项目摘要： 我研究的长期目标是了解特定于造血细胞的 修复DNA损伤，如双链断裂(DSB)和 导致易位的初始分子事件，这是白血病、淋巴瘤和 软组织肉瘤。DSB是高度重组的，增加了相互之间的信息交换 两个同源DNA双链体相差几个数量级；因此，哺乳动物细胞有可能 在DSB修复过程中出现重新安排的风险。暴露于空气中的染色体DSB 放射、烷化剂和拓扑异构酶II(TopoII)抑制剂是 人类癌症的治疗。包含TopoII抑制剂依托泊苷的治疗方案如下 与一类治疗相关的急性髓系白血病(t-AML)和染色体相关 染色体11q23带上涉及混合系白血病(MLL)基因的易位。 T-AML和婴儿白血病中11q23 MLL断裂点的相似性表明 新生婴儿白血病和宫内暴露于TopoII抑制剂。

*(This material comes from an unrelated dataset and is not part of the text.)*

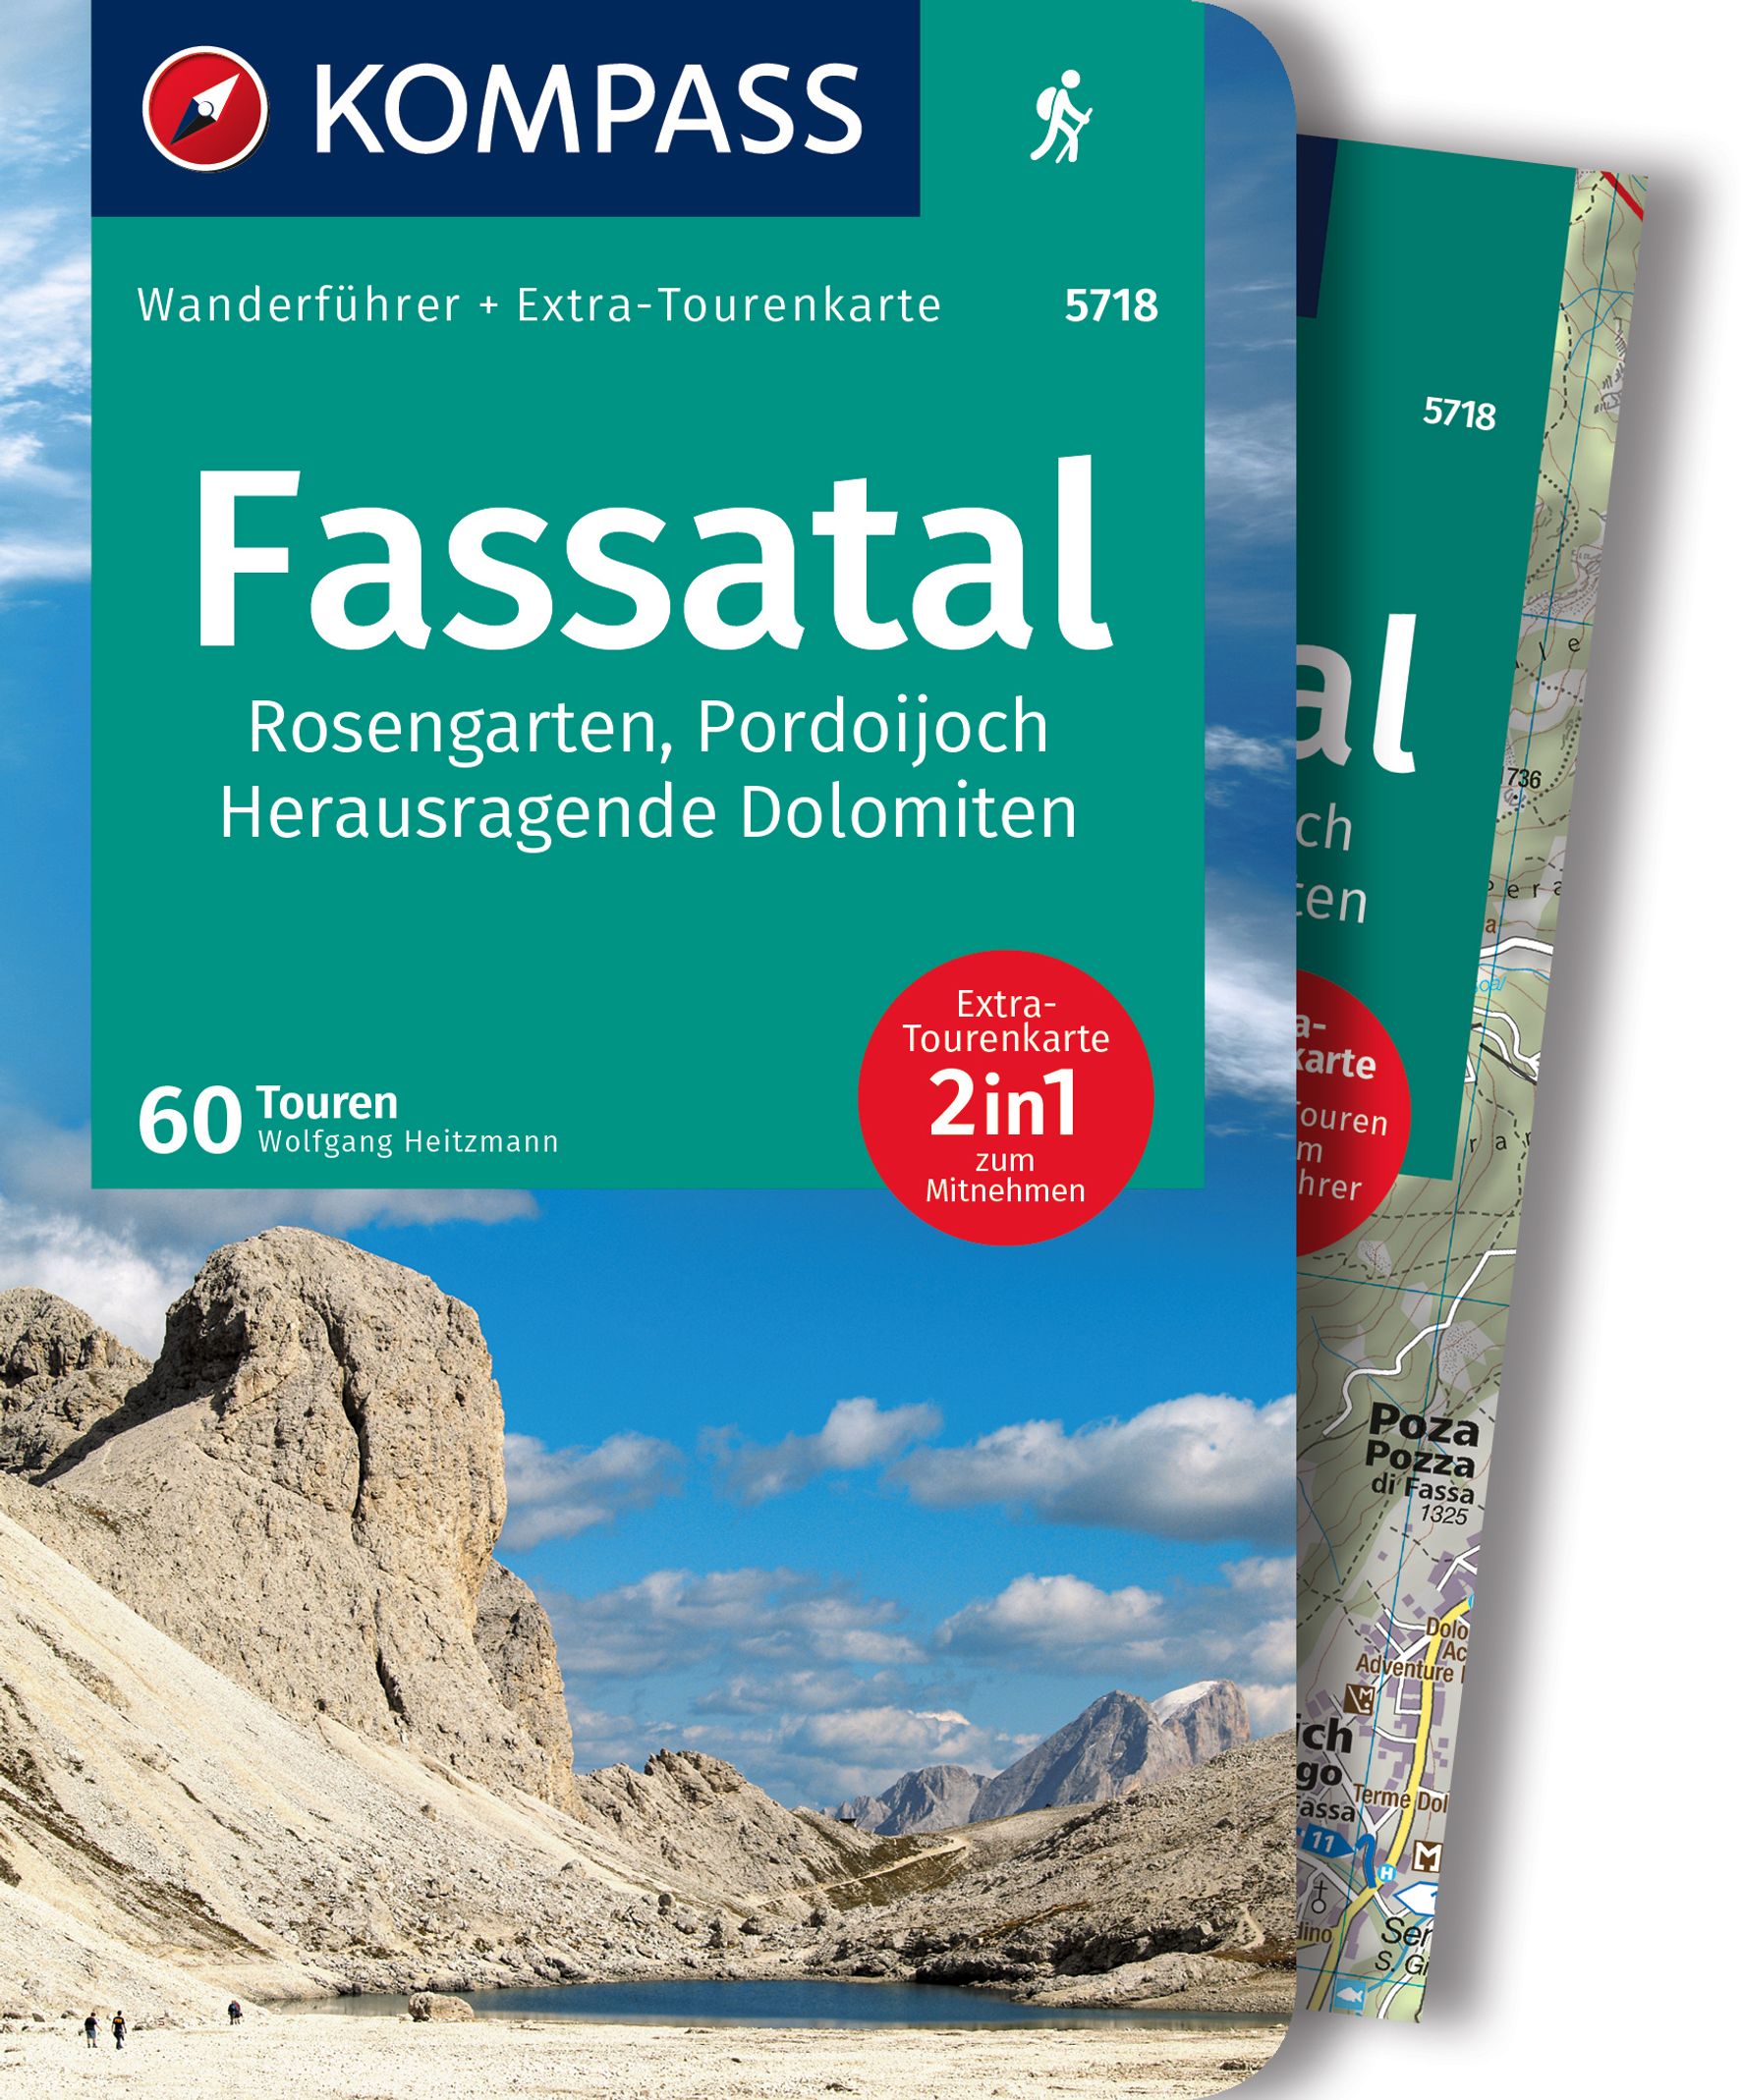 MAIRDUMONT Fassatal, Rosengarten, 60 Touren mit Extra-Tourenkarte

潜在的TOPO II抑制剂名单 是广泛存在的，目前尚不清楚这些化合物中哪些有直接潜在的诱导 临床环境中观察到的染色体易位。使用独特的遗传系统 确定11q23 MLL基因断裂点簇区内双链断裂的修复潜力 和共同的伴侣基因导致染色体易位，这一提议将确定(1) 暴露于TopoII抑制剂以启动细胞内染色体重排的可能性 MLL和AF9基因的断裂点聚集区与临床中观察到的相似； 以及(2)建立靶向小鼠模型以在体内确定暴露于TopoII的可能性 在MLL的断点簇区内启动染色体重排的抑制剂和 通过骨髓和骨髓中存在MLL-AF9基因组重排来检测AF9基因 外周血液。这些在体外细胞培养和体内小鼠模型中的独特方法将 对潜在致癌的染色体重排的启动和 白血病的发生。解开易位的病因和后果可能会带来新的 治疗和预防的方法。